Multilingual Capability: The framework successfully evaluated models across 28 languages, demonstrating that cross-lingual setups are feasible and measurable within a unified system.

5. Significance and Broader Impact

Regulatory Compliance: By enabling standardized, transparent, and reproducible evaluation, WorkRB supports compliance with the EU AI Act and GDPR, particularly for "high-risk" employment AI systems.

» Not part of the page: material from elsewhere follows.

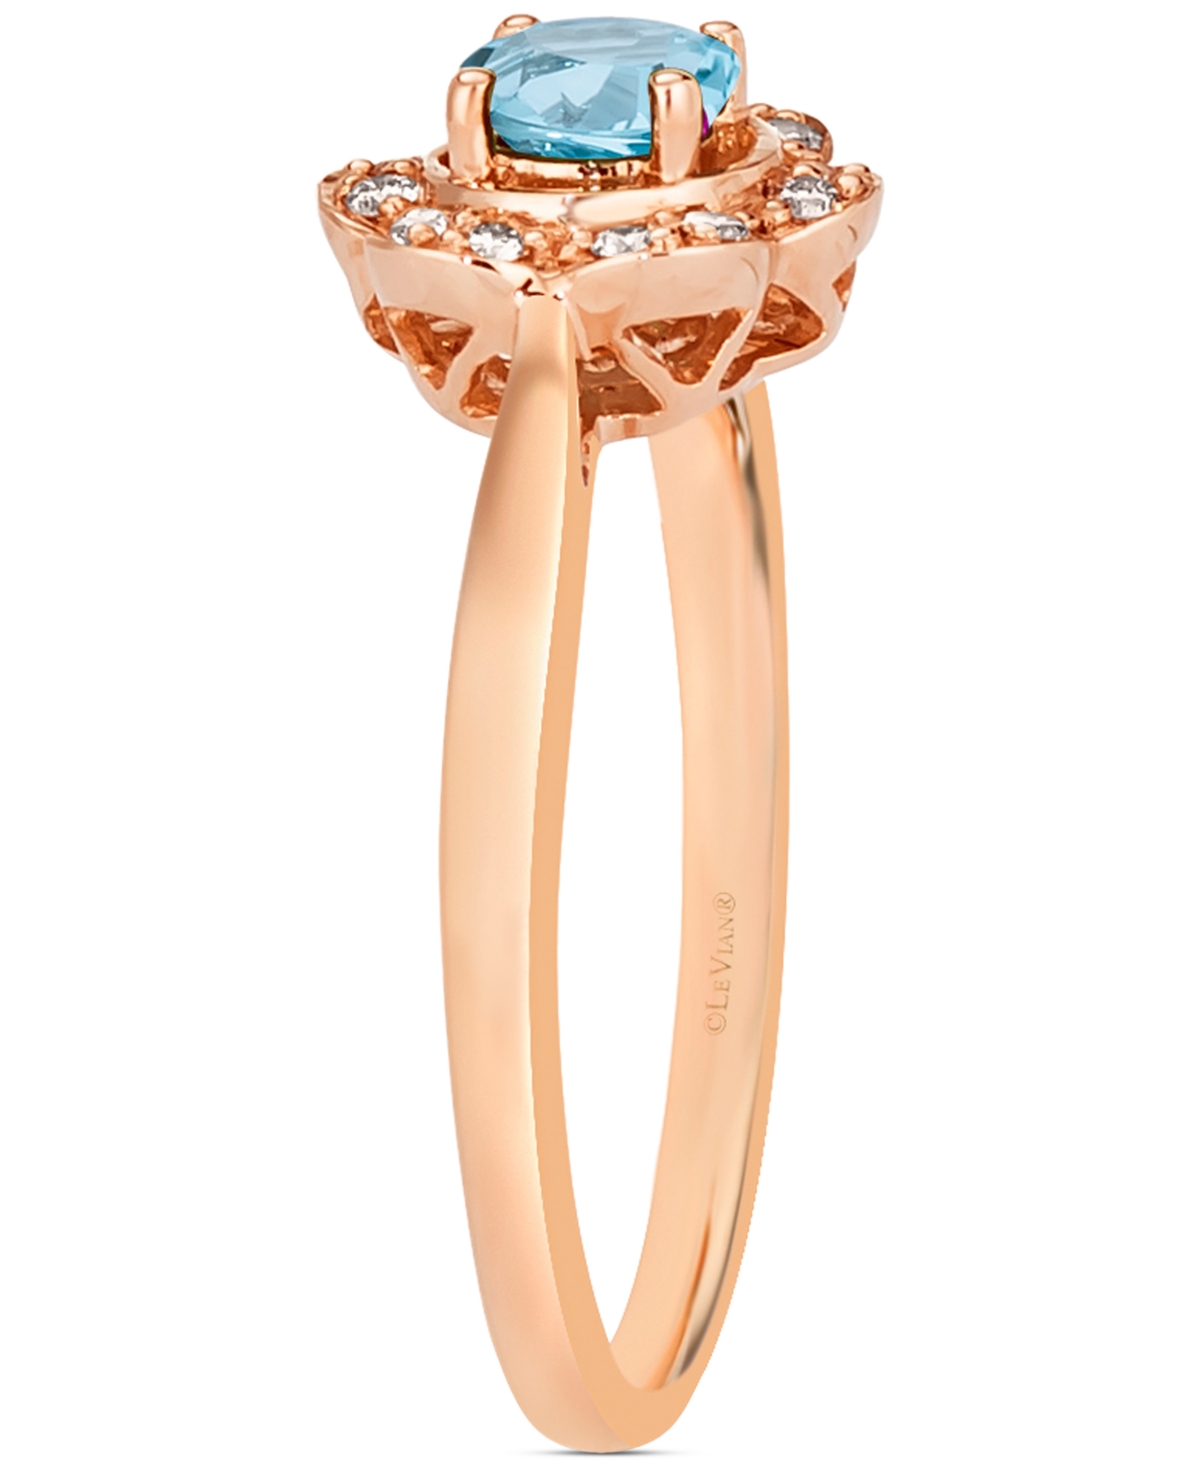 Shop Le Vian Blueberry Sapphire (1/3 Ct. T.w.) & Vanilla Diamond (1/8 Ct. T.w.) Flower Halo Ring In 14k Rose Gold In No Color

It allows for independent auditing without requiring the release of sensitive raw data.
Language Representativeness: Shifts the focus from English-centric evaluation to a truly multilingual approach, improving accessibility for underrepresented language populations in the labor market.
Community Growth: Establishes a sustainable contribution model that incentivizes participation from all sectors (industry, academia, government), fostering a shared resource for the global HR and AI community.
Future Directions: The framework is designed to evolve, with planned extensions to include career path recommendation, temporal evaluation dimensions, and integration of Large Language Models (LLMs) and re-ranking architectures.

In summary, WorkRB addresses the critical lack of standardization in Work-Domain AI by providing a flexible, privacy-preserving, and multilingual evaluation ecosystem that bridges the gap between academic research and industrial application.